## PROMPT
Given these entries, repeat exactly the lines starting with the one that has "keuken set. keuken" and going on through the one that has "bluepueblo via munan15", both included, but none of the pictures.

## EXTRACTED RECORDS
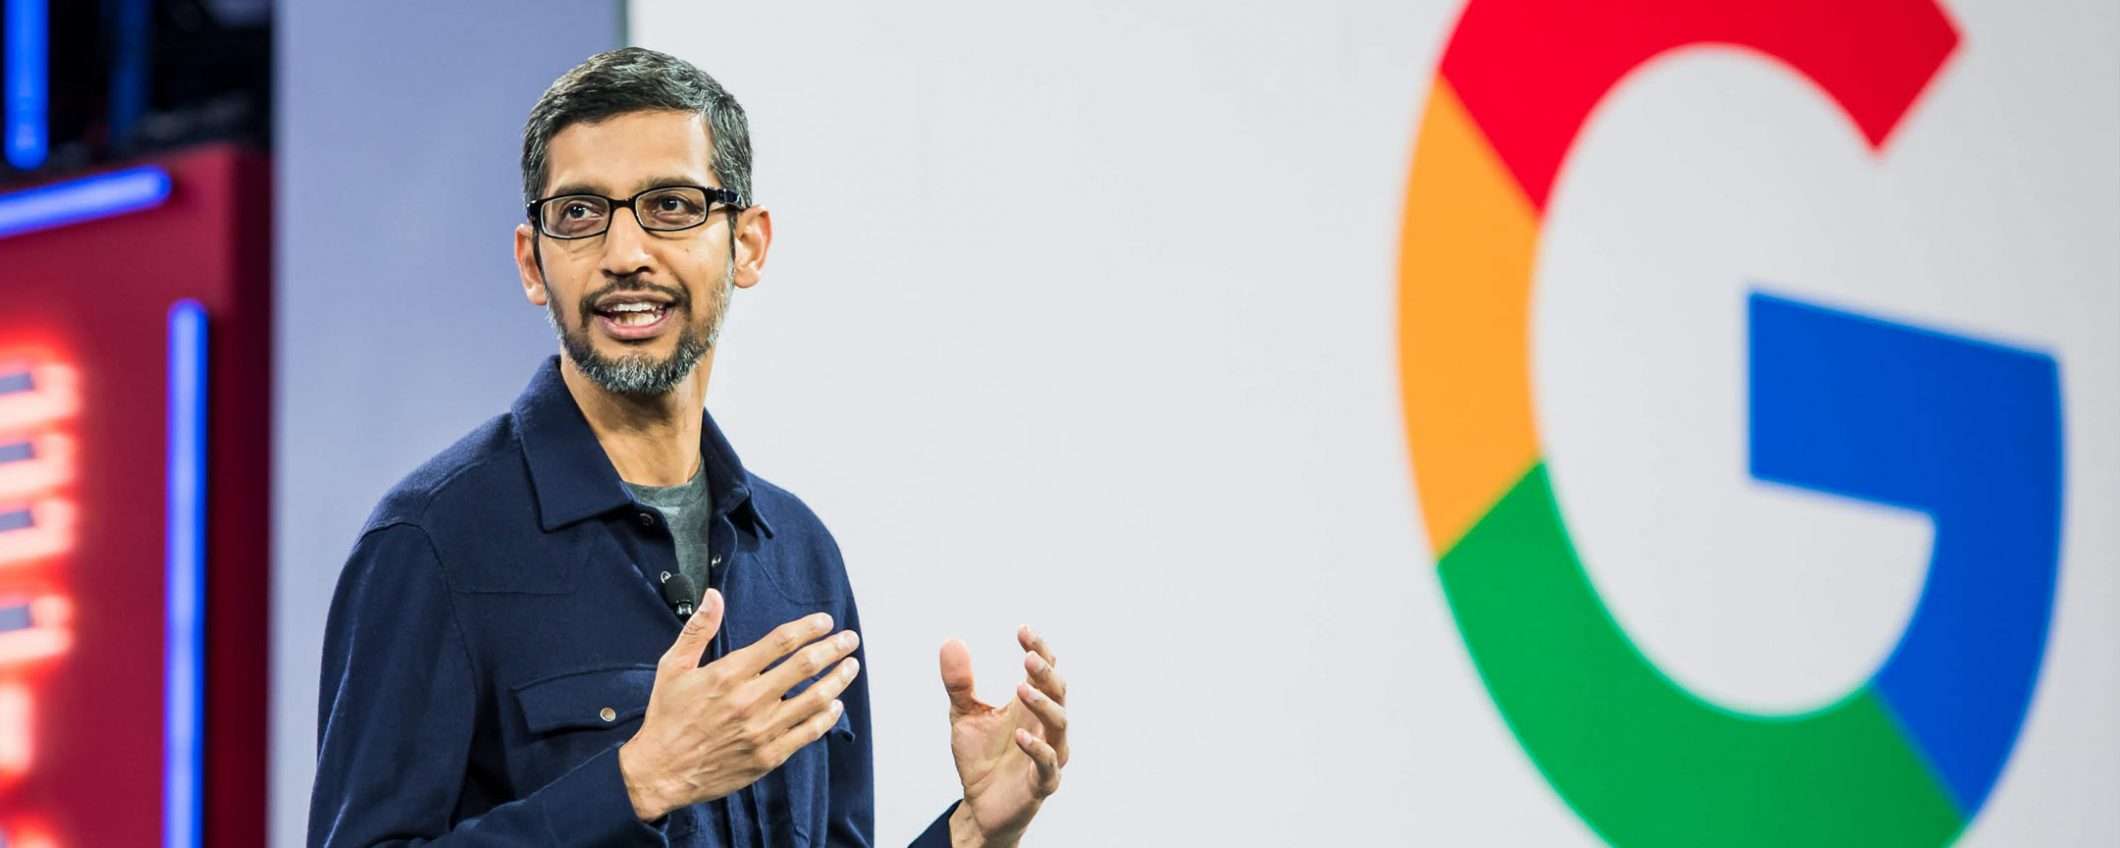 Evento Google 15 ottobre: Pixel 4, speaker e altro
* * *
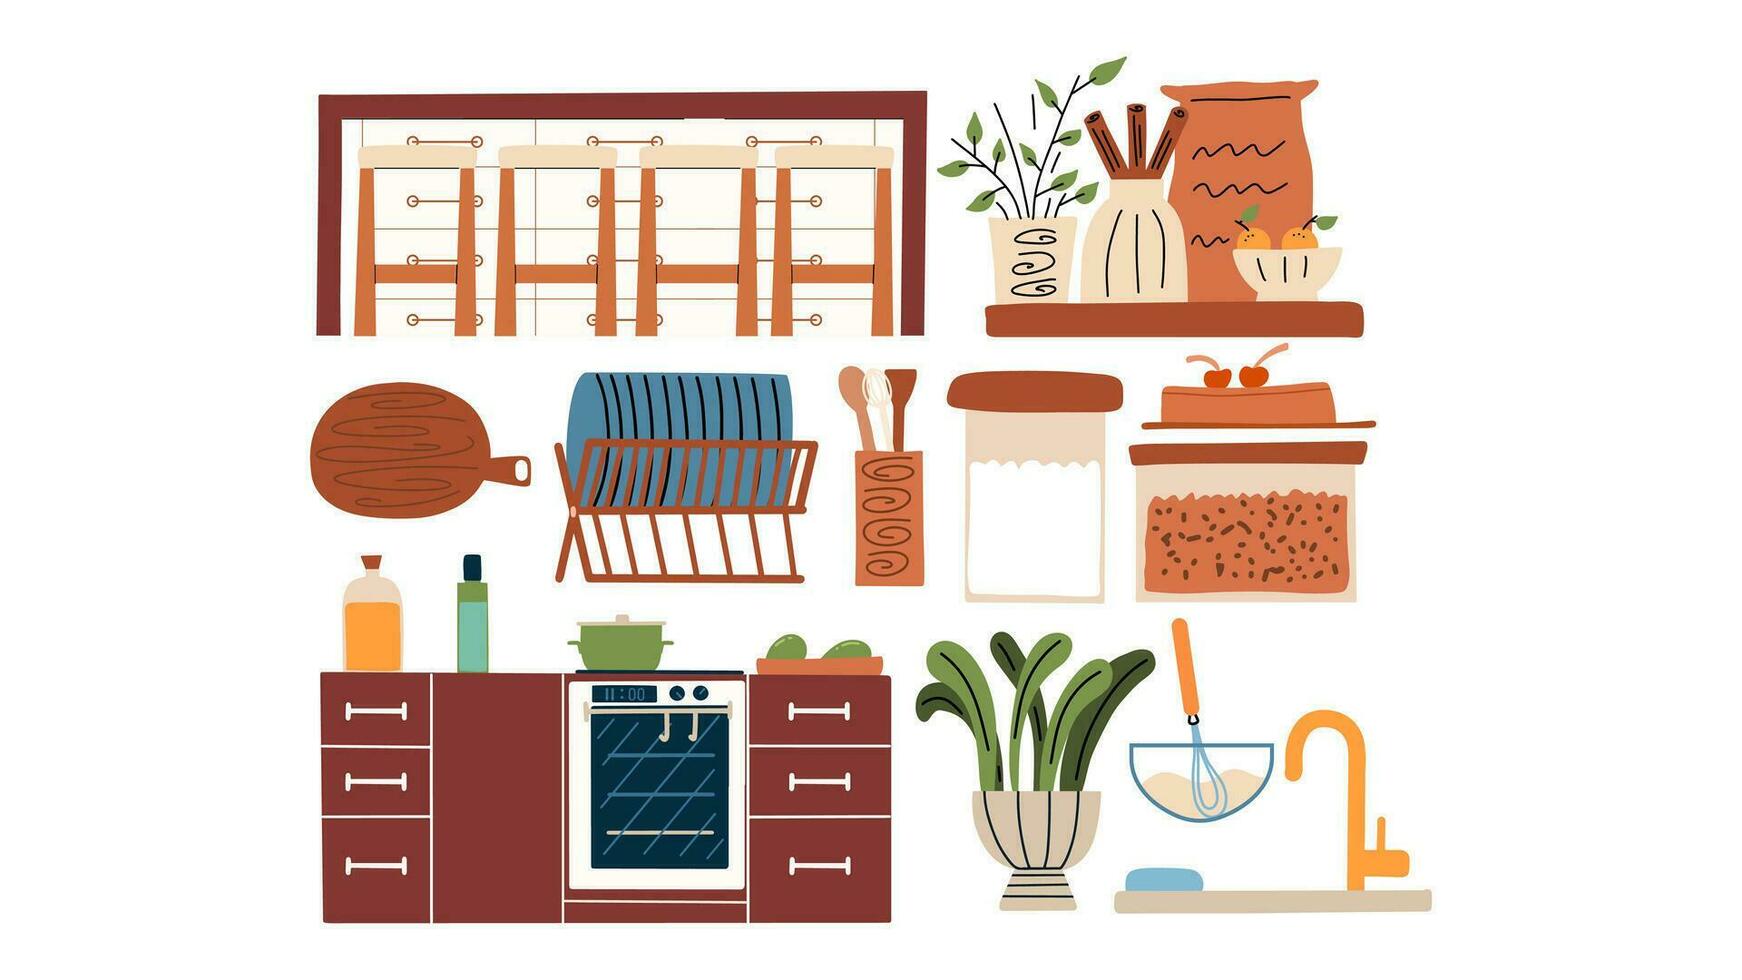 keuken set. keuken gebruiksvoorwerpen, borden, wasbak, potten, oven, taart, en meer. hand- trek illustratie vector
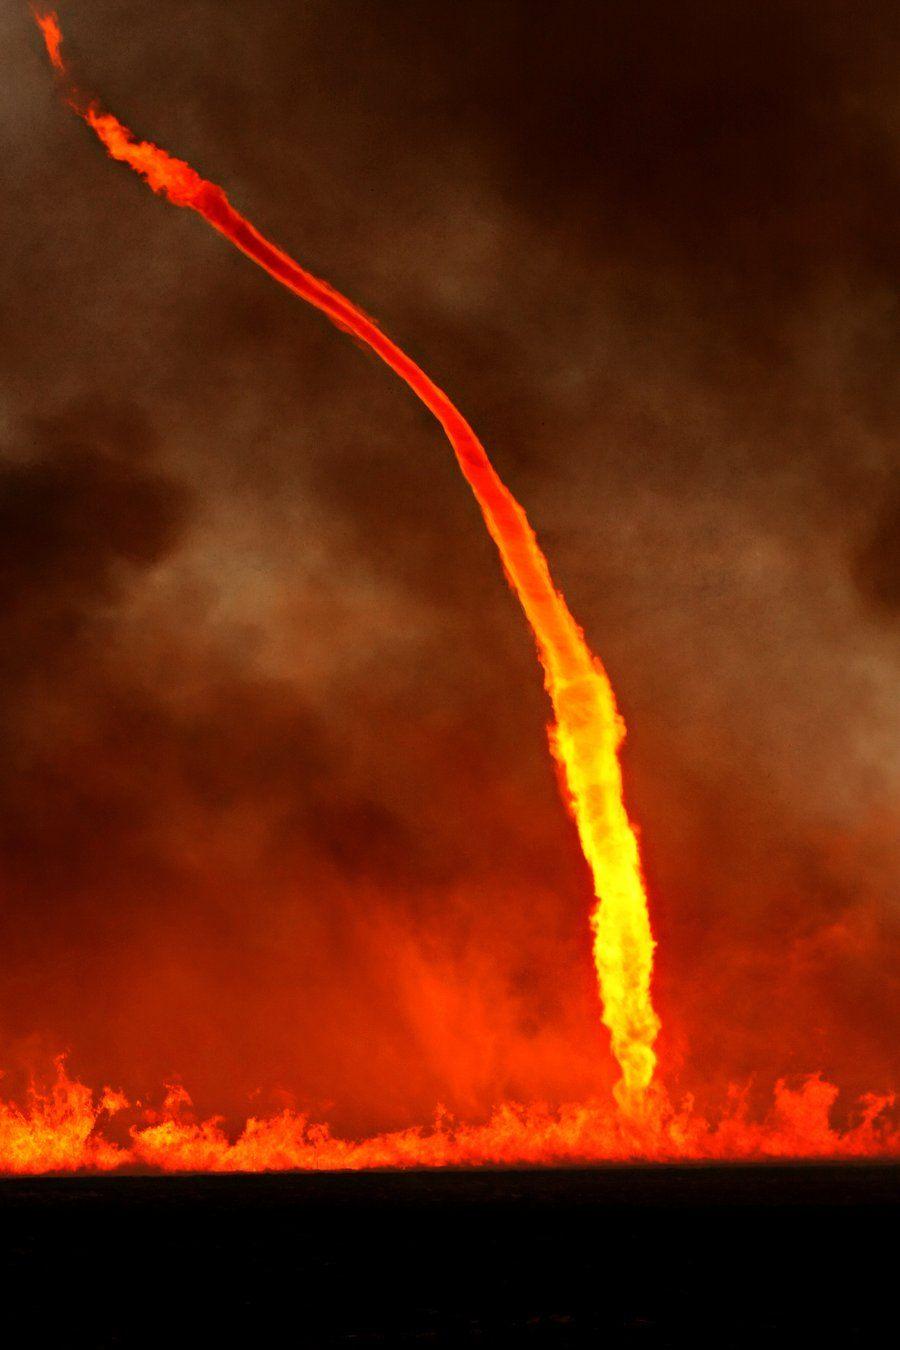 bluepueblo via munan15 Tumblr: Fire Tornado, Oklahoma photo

## RESPONSE BOX
 keuken set. keuken gebruiksvoorwerpen, borden, wasbak, potten, oven, taart, en meer. hand- trek illustratie vector
 bluepueblo via munan15 Tumblr: Fire Tornado, Oklahoma photo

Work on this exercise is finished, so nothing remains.